Nor did he leave me alone, and he didn’t make me feel bad or like he was only using me to get off.

He slowed us down. He got us cookies. He introduced me to true crime and basically made himself a permanent member of my apartment.

I need to paint.

Peeling myself off the wall, I stomp down to my little storage closet, pulling out a blank canvas, my brushes, and some paints.

I’d like to say I choose the colors at random, but I don’t. Forest green, lilac, pale pink. I leave the gold. It doesn’t belong in this painting.

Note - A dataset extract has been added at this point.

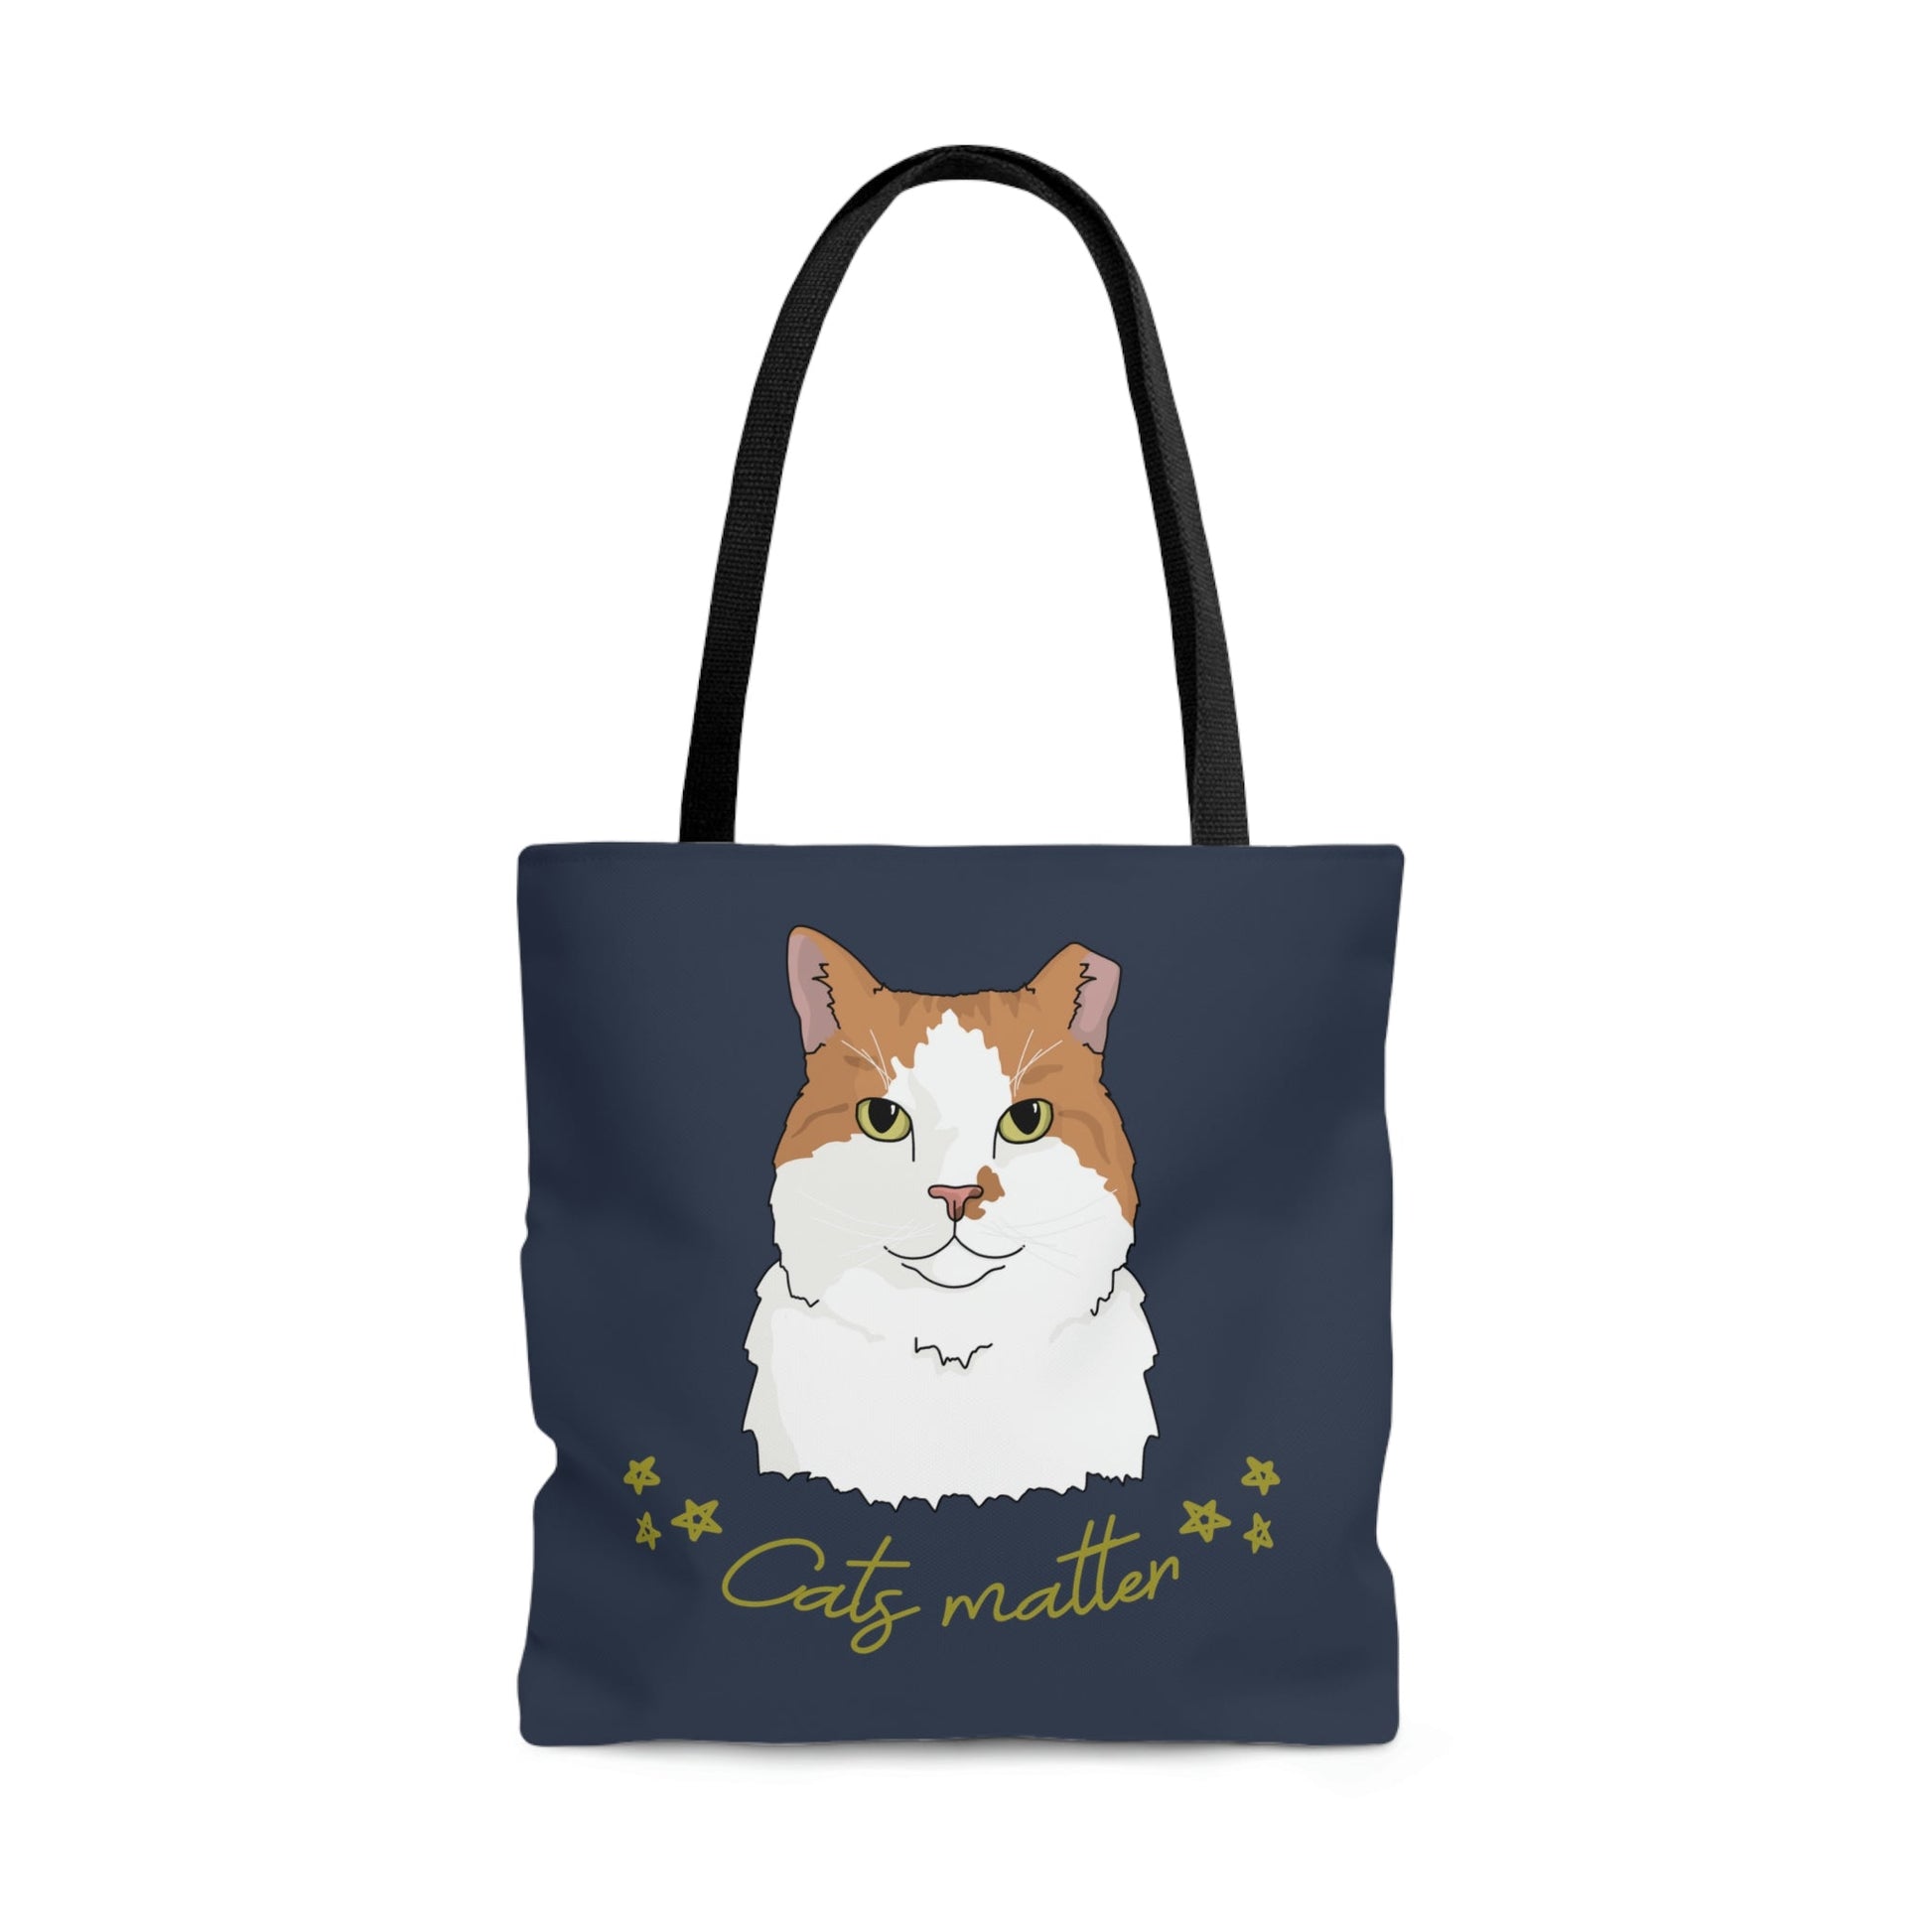 Cats Matter | Tote Bag - Detezi Designs-14197900365875471072
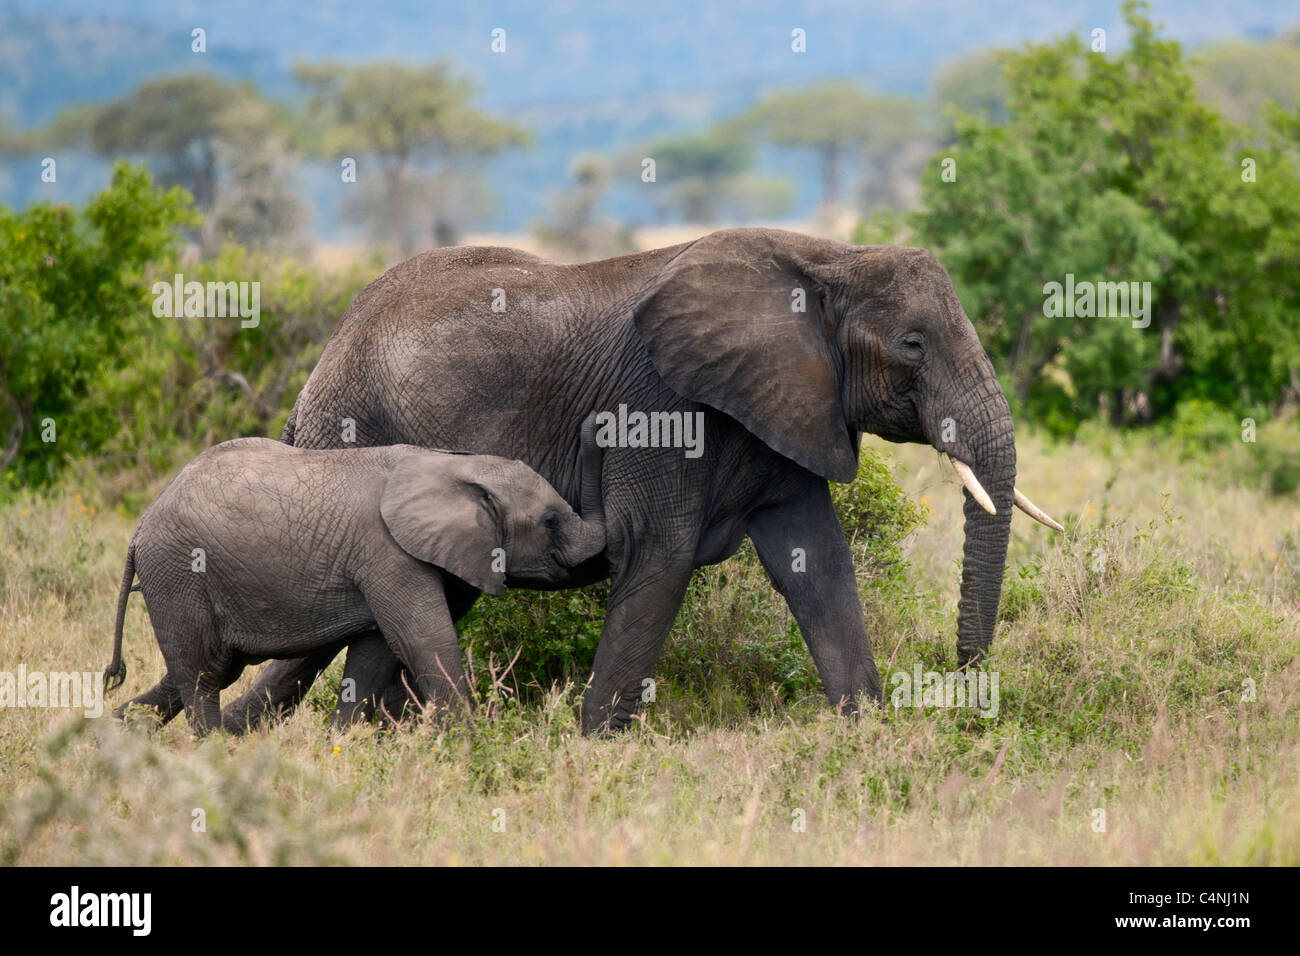 Elephants in Serengeti National Park, Tanzania, Africa Stock Photo

Like the hounds of hell are nipping at my feet, I rush into the living room, tossing the canvas onto my easel.

I take a deep breath, then, not even bothering with a paintbrush, squeeze some green paint into the palm of my hand. Placing my hand on the center of the canvas, I drag it outward, leaving a ragged path of green across the white.

Then I do it again. And again.

I add green until it feels like the jealousy has been purged from my body.

Then I pick up the pink. The painting is ugly. I can already tell. It’s going in the trash. There’s no other way around it, but it’s worth it. Worth it to get these feelings out.

The pink goes on next, mixing with the green and creating a dull, muted gray. Fuck. That’s awful. My chest heaves as I toss the pink to the side, wiping a strand of my hair out of my face.

The paint cools my overheated skin, calming me down some.

I don’t even want to bother with the purple. I’ve already fucked up the painting, but I have to get it out too, so I fill my palm again, this time dabbing my hand over the green instead of rubbing it across.

It’s still not great, but it’s better than before. Better than the pink was. I drop the paint to the floor at my feet, staring at the canvas.

I feel better. Lighter. At least a little.

When I glance up, Ben and Landon are standing in the doorway. Landon is watching me in awe, but Ben seems concerned. I’m sure I look half-mad right now, but I can’t help it.

“Are you okay?” Ben asks softly, breaking the silence.

I almost laugh at that. “Of course I’m okay.”